Methods: Utilizing data from the Global Cancer Observatory (GLOBOCAN) 2020, this study analyzed ASR for CRC incidence and mortality in each SEA country. Concurrently, the HDI for 2021 in these nations was gathered from the Human Development Reports. Using Spearman correlation analysis, we investigated the link between CRC ASR (incidence and mortality) and HDI indicators, including life expectancy at birth, mean years of schooling, and Gross National Income per Capita (2017 Purchasing power parity [PPP$]). The statistical significance threshold was set at P<0.05.
Results: The statistical analysis revealed noteworthy positive correlations between HDI and its components (life expectancy at birth, mean years of schooling, and Gross National Income per Capita) with the ASR for incidence. Specifically, Spearman’s rho values were 0.834, 0.755, 0.827, and 0.882, respectively. Similarly, significant correlations were observed between HDI and its constituents with ASR for mortality, with corresponding values of 0.720, 0.755, 0.718, and 0.782 at a 5% significance level.
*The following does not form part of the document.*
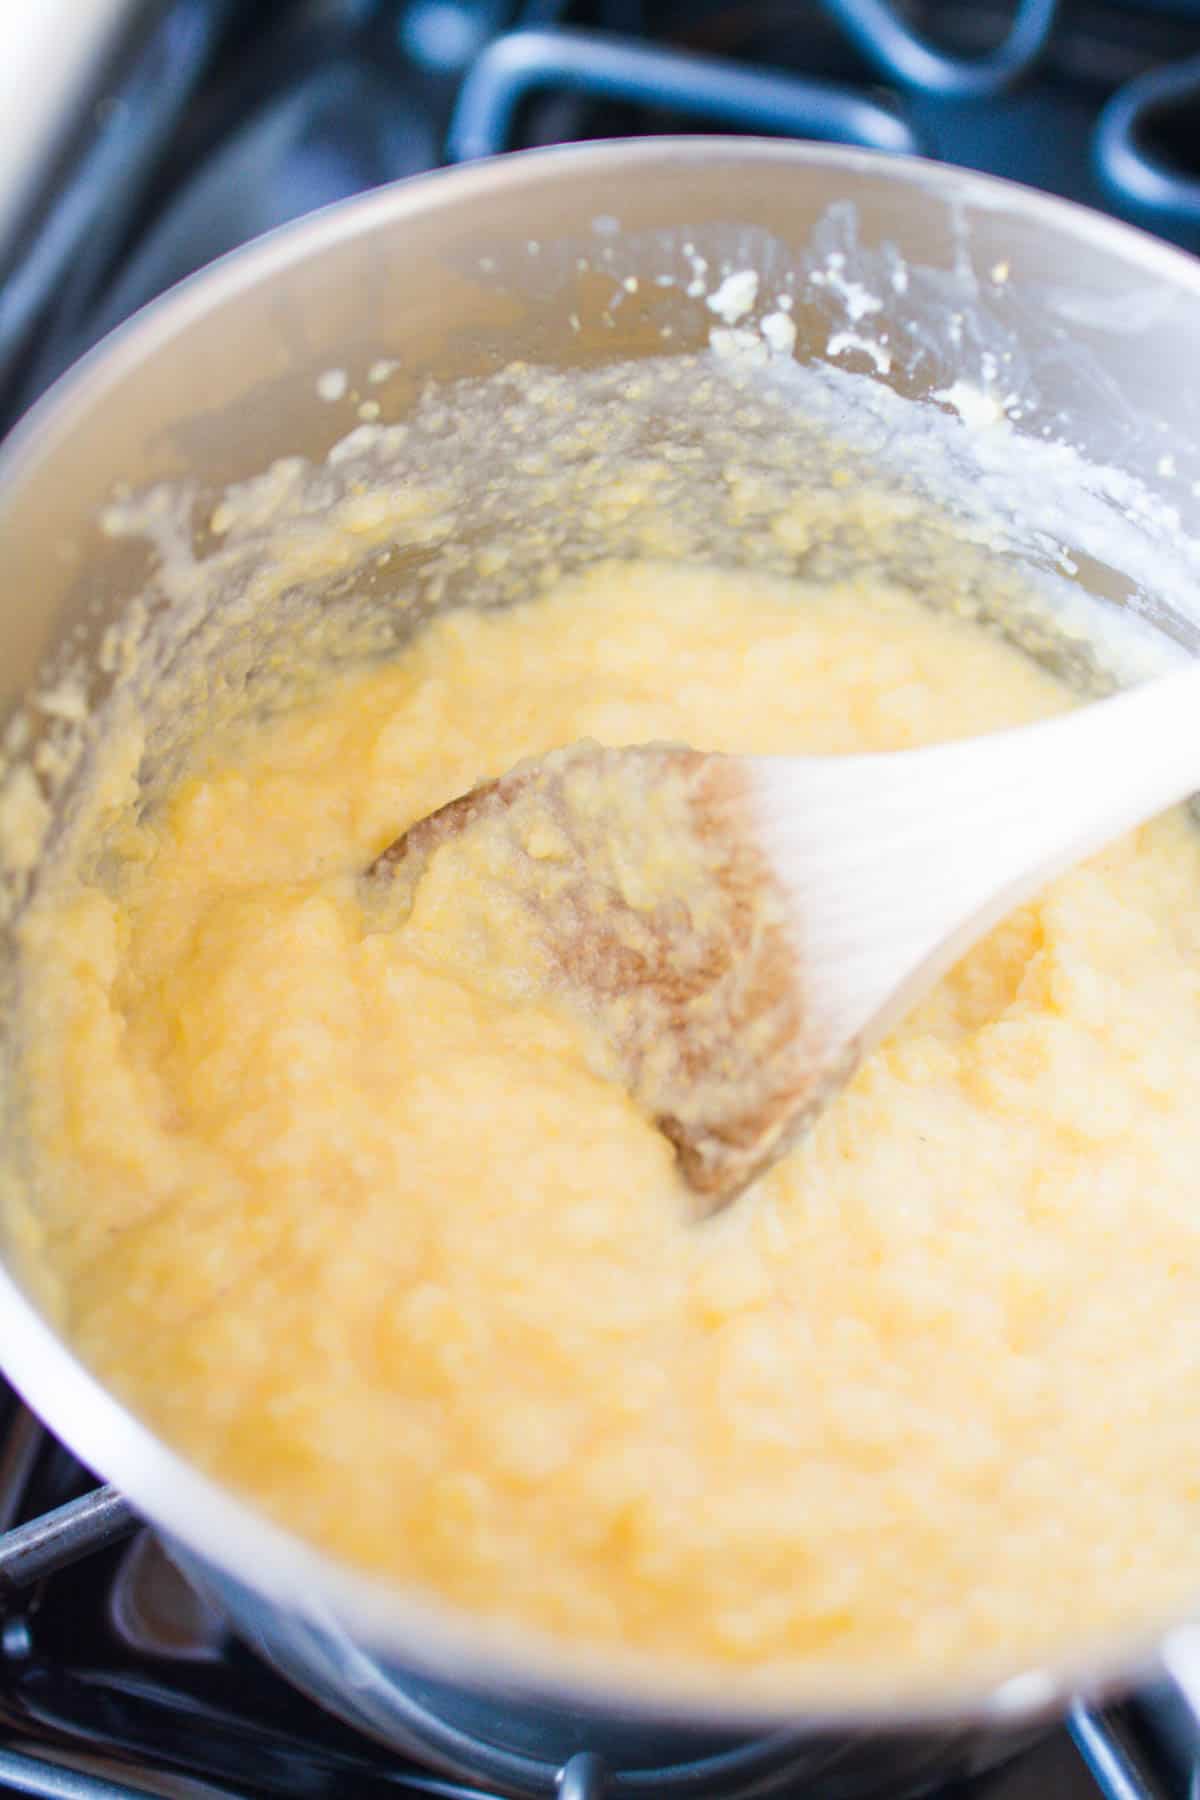 Creamy polenta in a saucepan on the stove.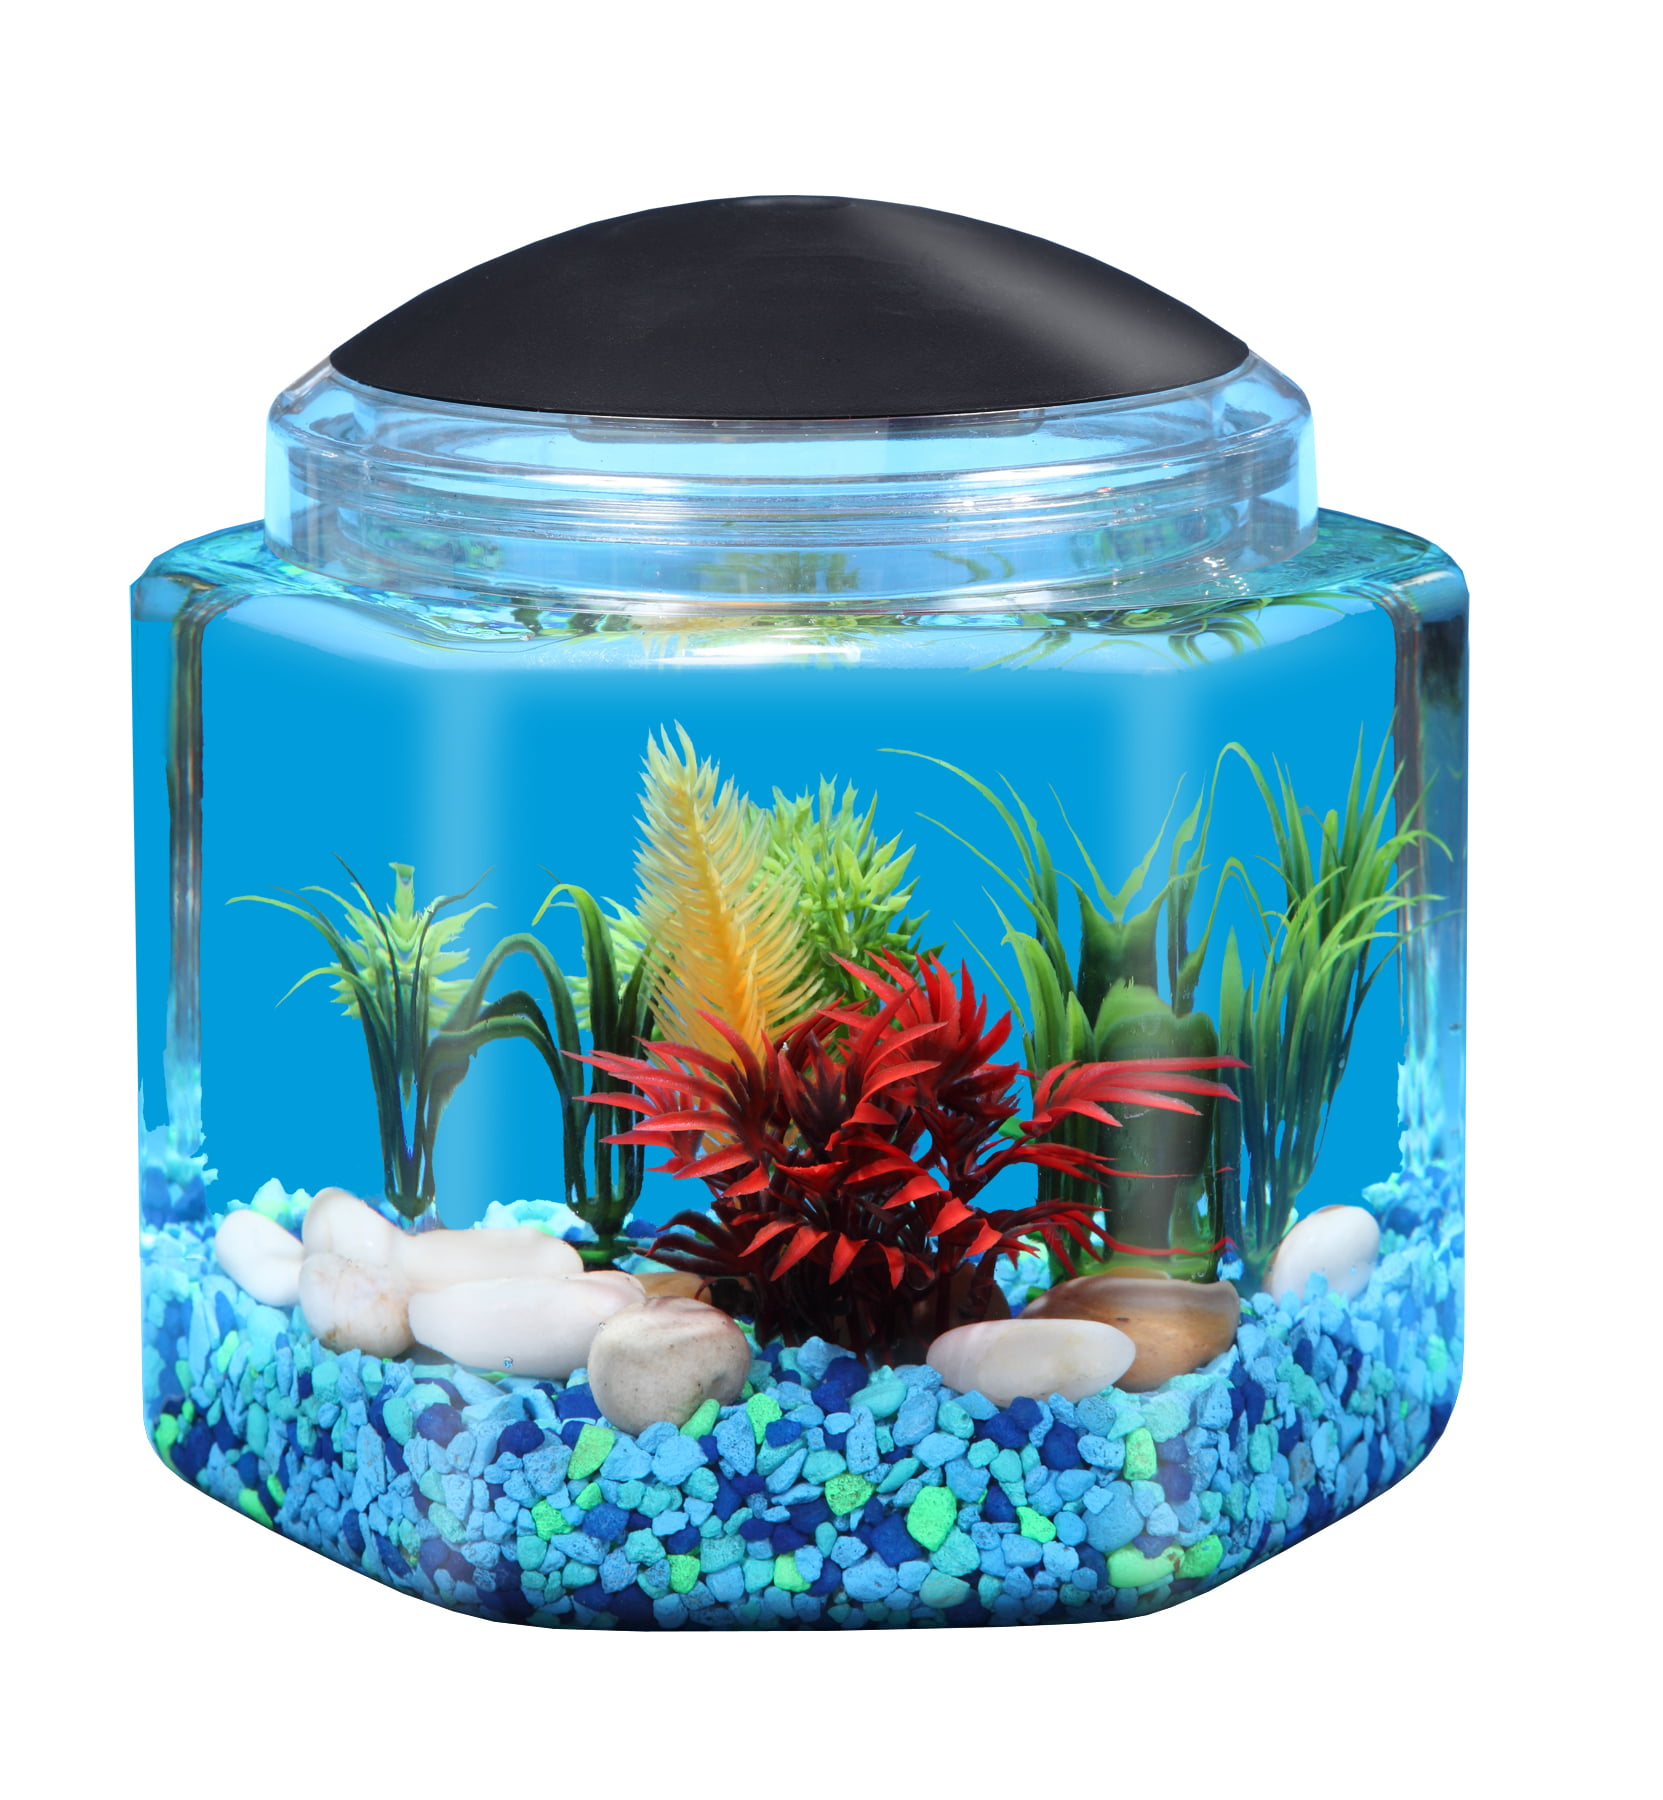 Buy Hawkeye 1-Gallon Betta Hex Fish Tank with LED Lighting at Walmart.com.

Conclusion: Countries with a high HDI exhibit a dual impact influence by fostering economic growth while potentially posing challenges to public health. Despite very high HDI nations demonstrating successful CRC screening programs that lower both incidence and mortality rates, various SEA countries face impediments in implementing such screenings. 

Keywords


  1. Ferlay J, Ervik M, Lam F, Colombet M, Mery L, Piñeros M, et al. Global Cancer Observatory: Cancer Today Lyon, France: International Agency for Research on Cancer; 2020 [Available from: https://gco.iarc.fr/today.
  2. Ferlay J, Shin HR, Bray F, Forman D, Mathers C, Parkin DM. Estimates of worldwide burden of cancer in 2008: GLOBOCAN 2008. Int J Cancer Res. 2010;127(12):2893-917.
  3. United Nations Development Programme. Human Development Report: Global Human Development Indicators 2021 [Available from: http://hdr.undp.org/en/countries.
  4. United Nations Department of Economic and Social Affairs. World urbanization prospects: The 2018 revision 2018 [Available from: https://population.un.org/wup/Download/Files/WUP2018_Classification_of_countries.pdf.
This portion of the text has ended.